▸ **Exercise goal**
Begin your copy at the line that holds "Rhombusprofil aus Aluminium" and carry it through the final line of the data, writing out each line exactly and omitting pictures.

▸ **Information shown**
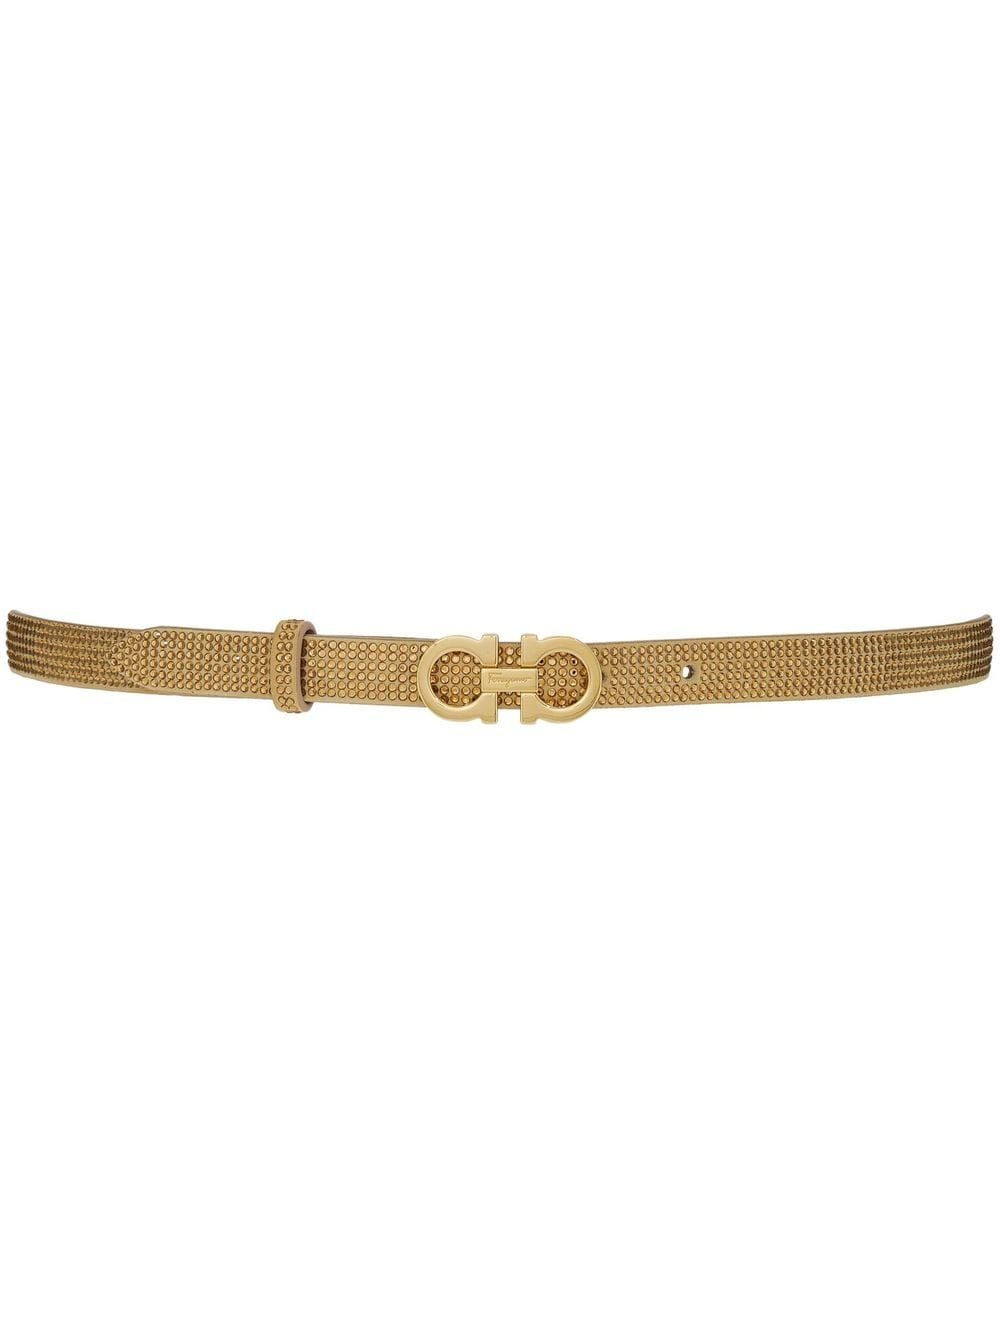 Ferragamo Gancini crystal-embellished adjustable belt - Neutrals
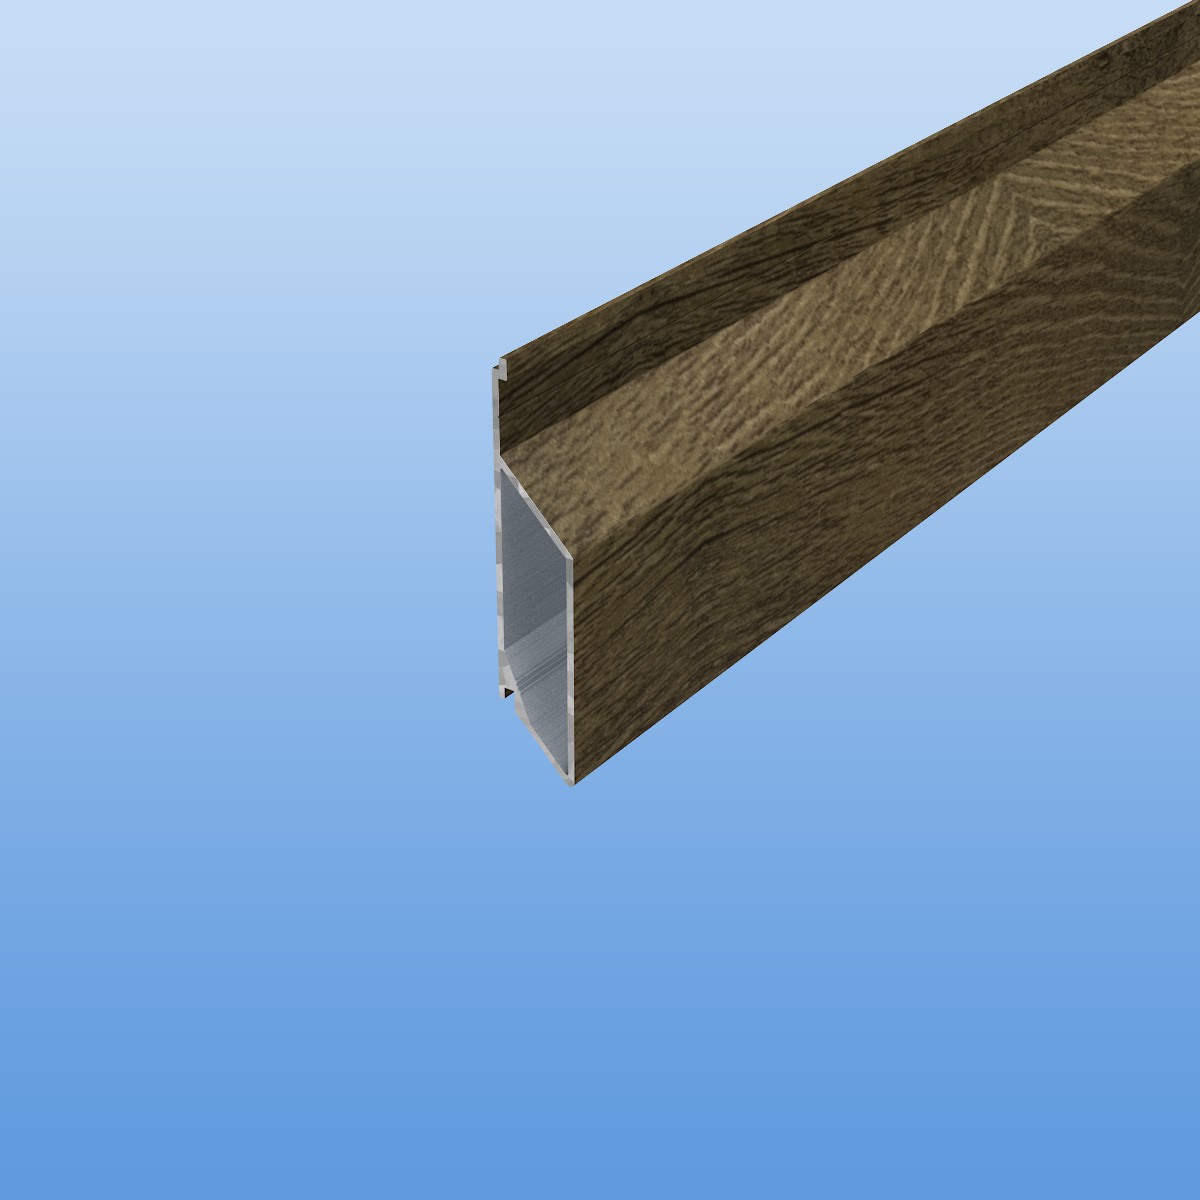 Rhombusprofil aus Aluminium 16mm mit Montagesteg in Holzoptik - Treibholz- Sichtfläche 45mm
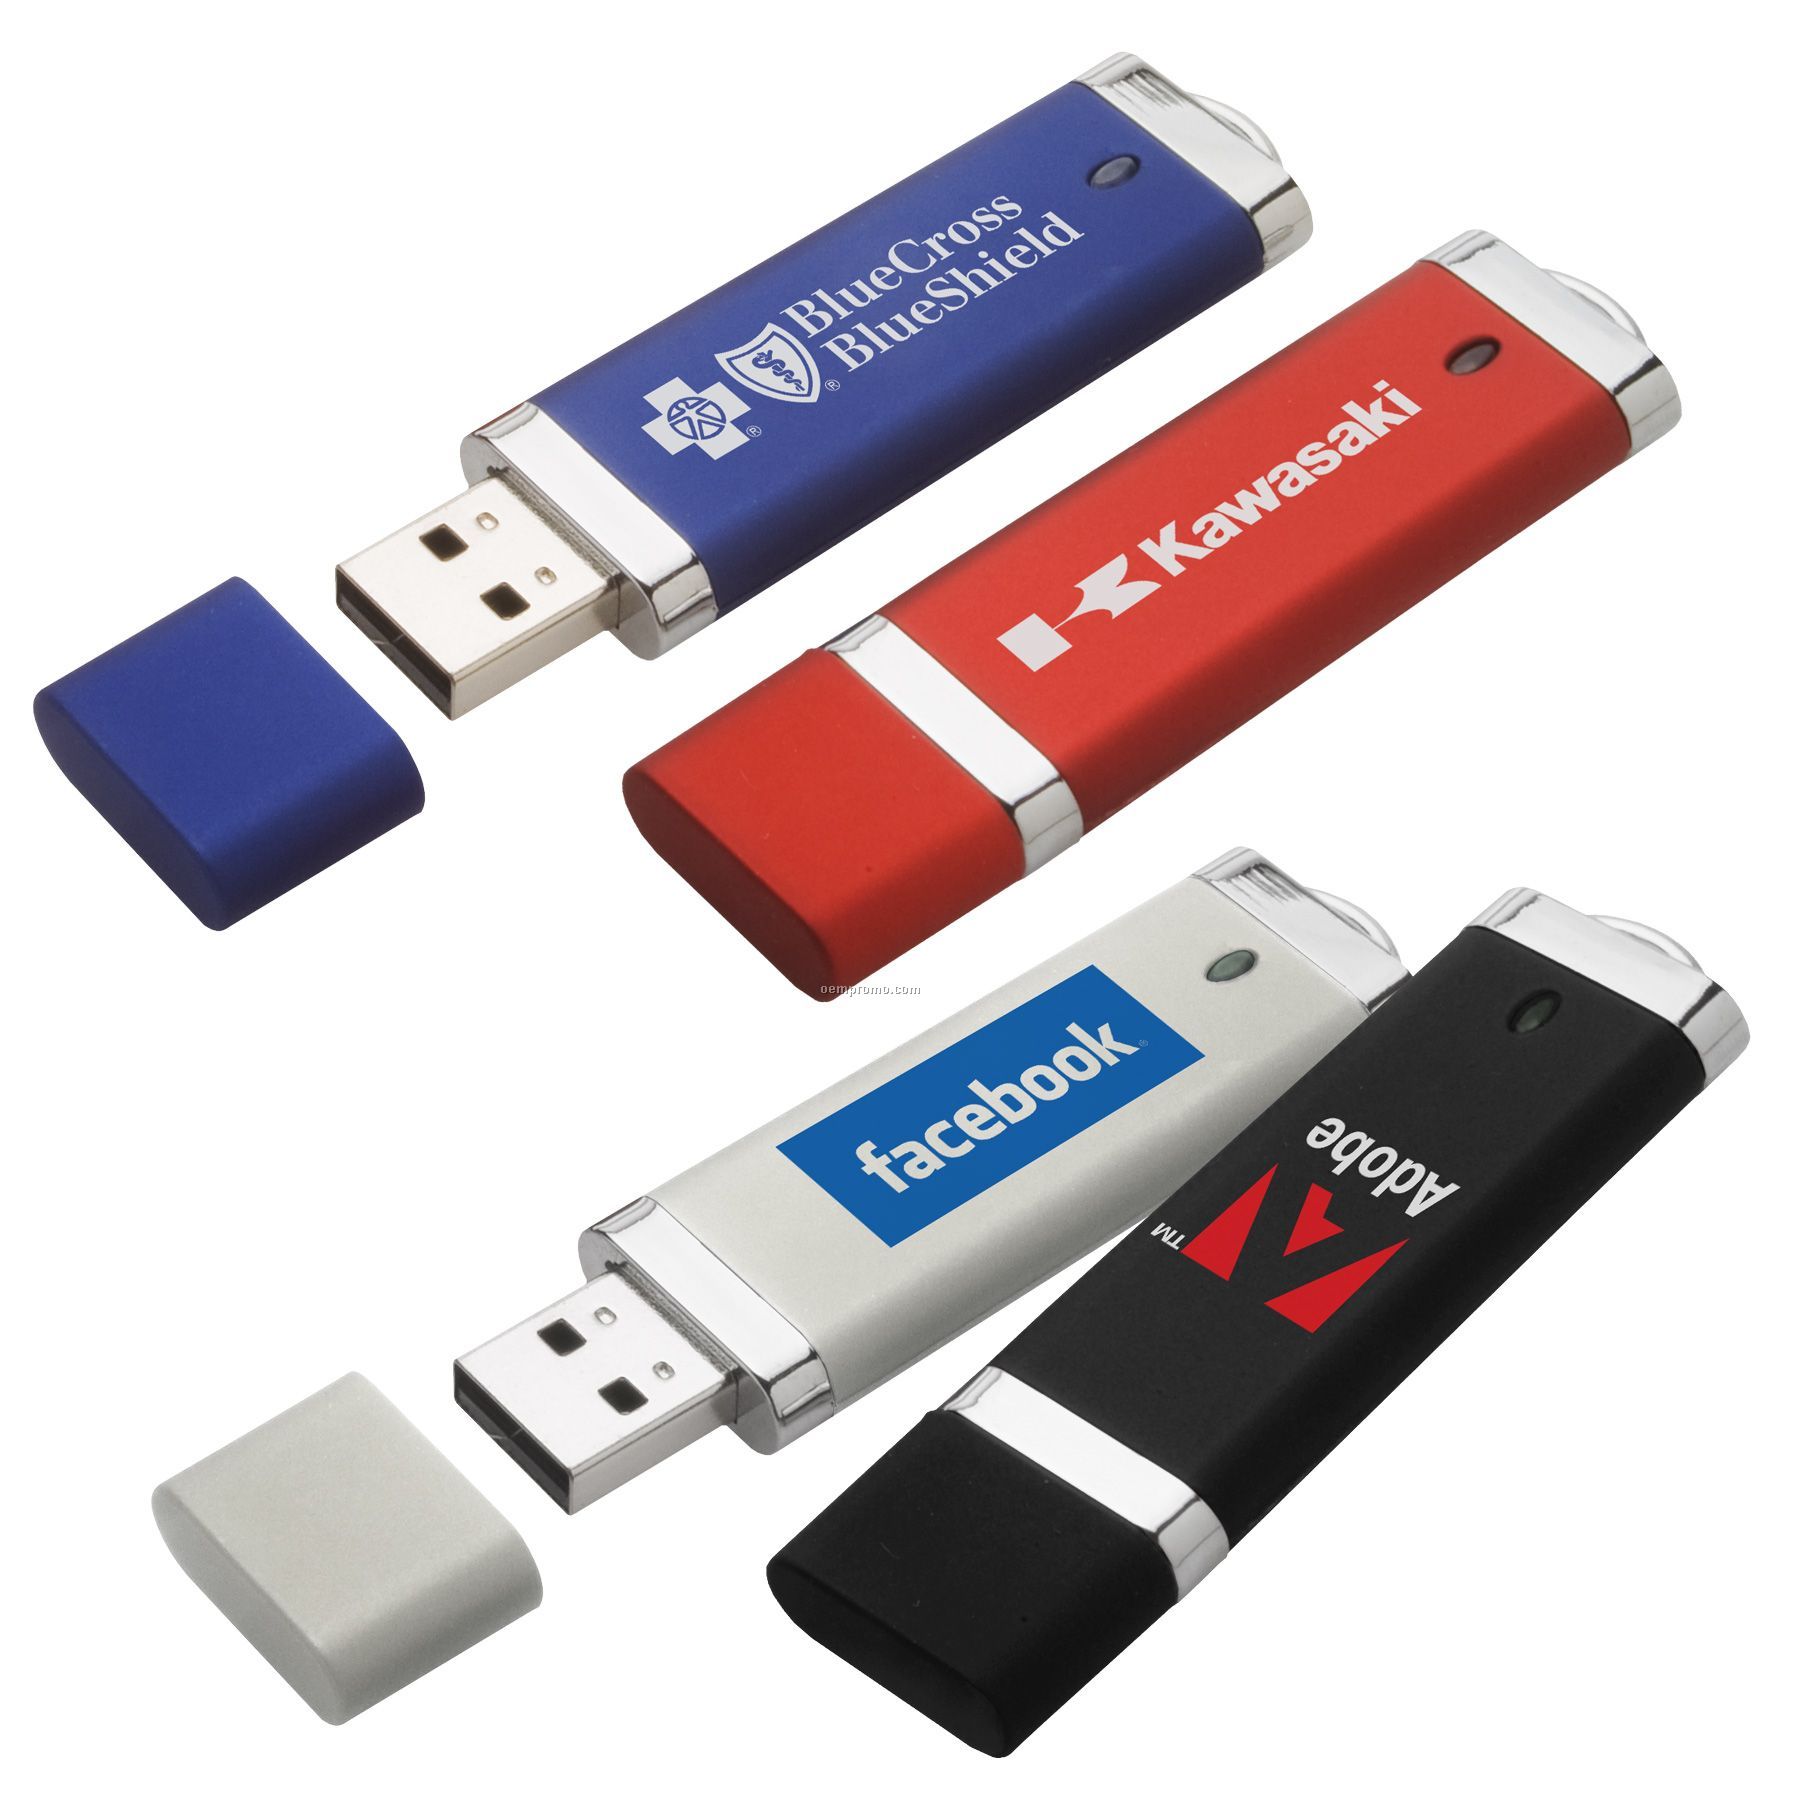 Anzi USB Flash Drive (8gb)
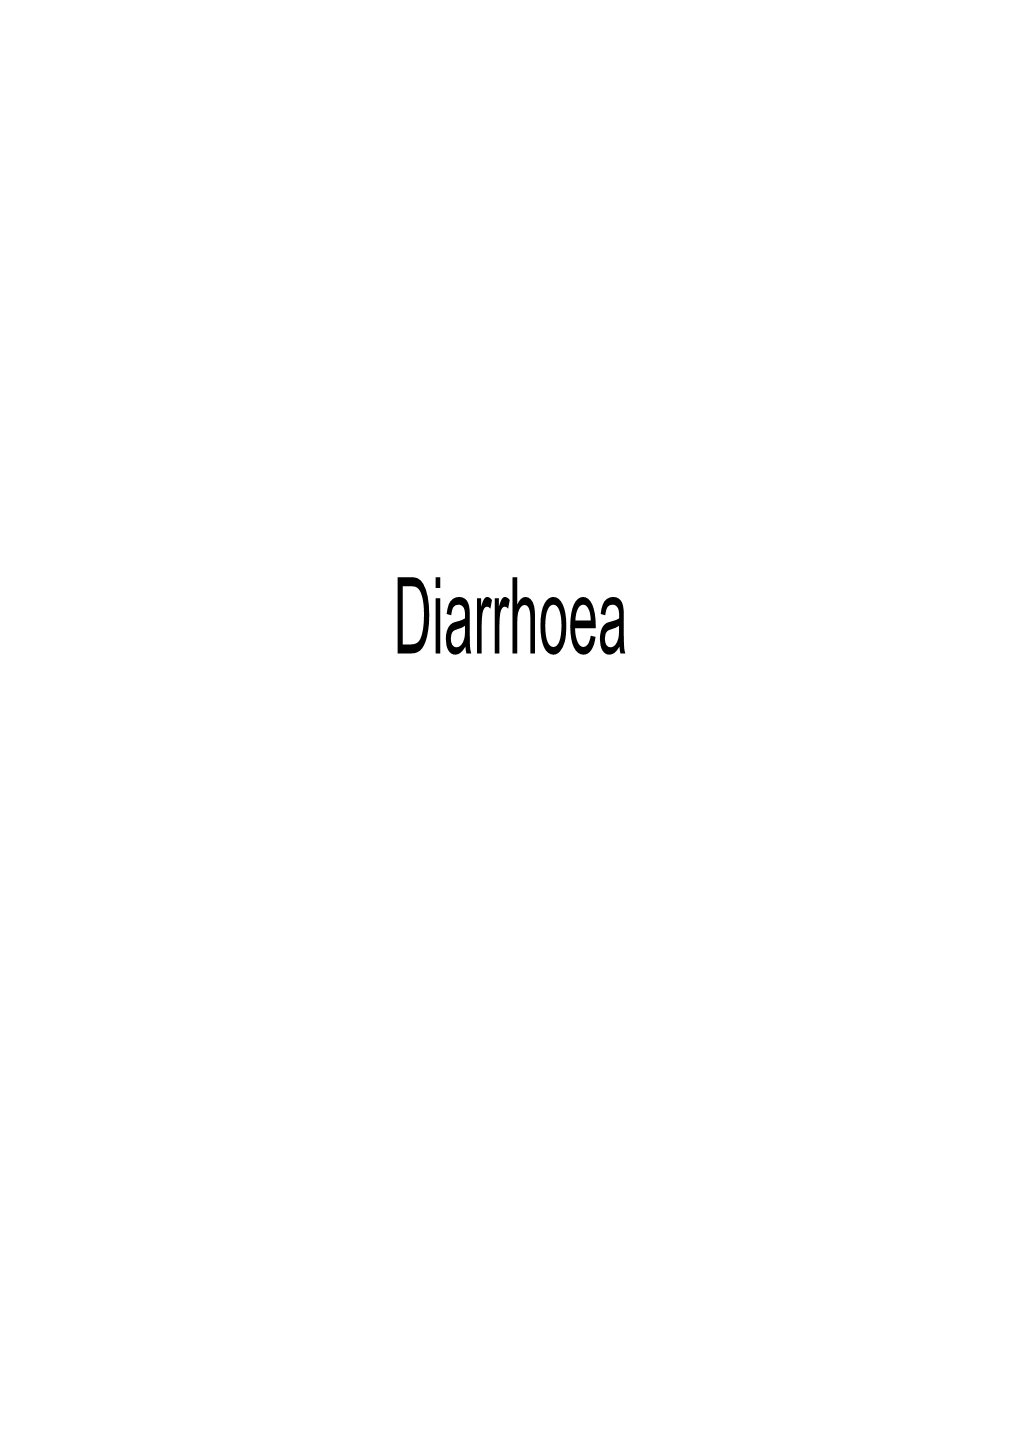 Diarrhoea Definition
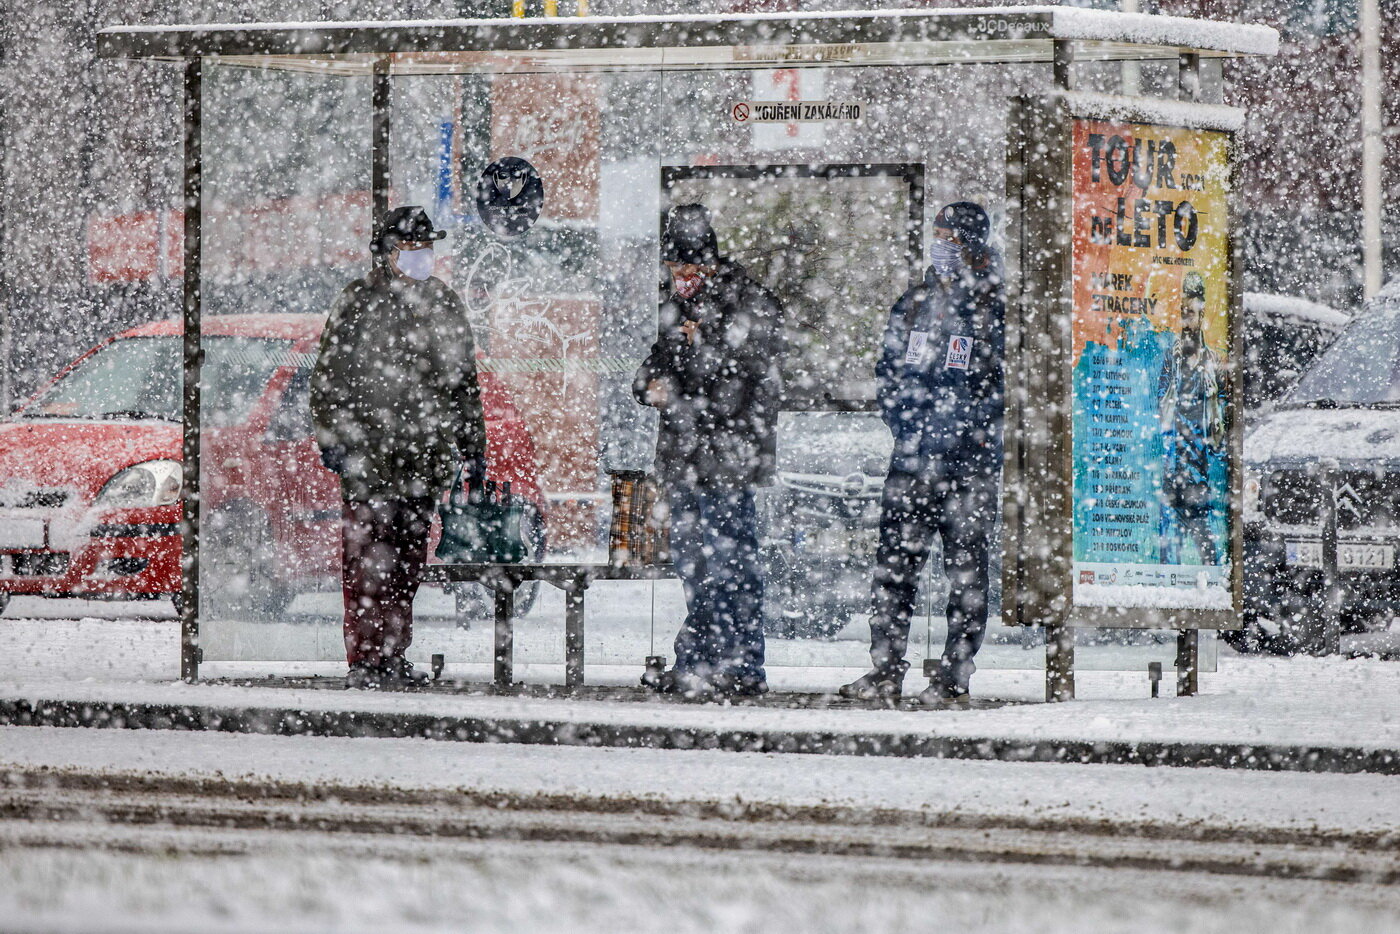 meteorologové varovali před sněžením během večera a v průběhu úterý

▸ **Task result**
 Rhombusprofil aus Aluminium 16mm mit Montagesteg in Holzoptik - Treibholz- Sichtfläche 45mm
 Anzi USB Flash Drive (8gb)
 Diarrhoea Definition
 meteorologové varovali před sněžením během večera a v průběhu úterý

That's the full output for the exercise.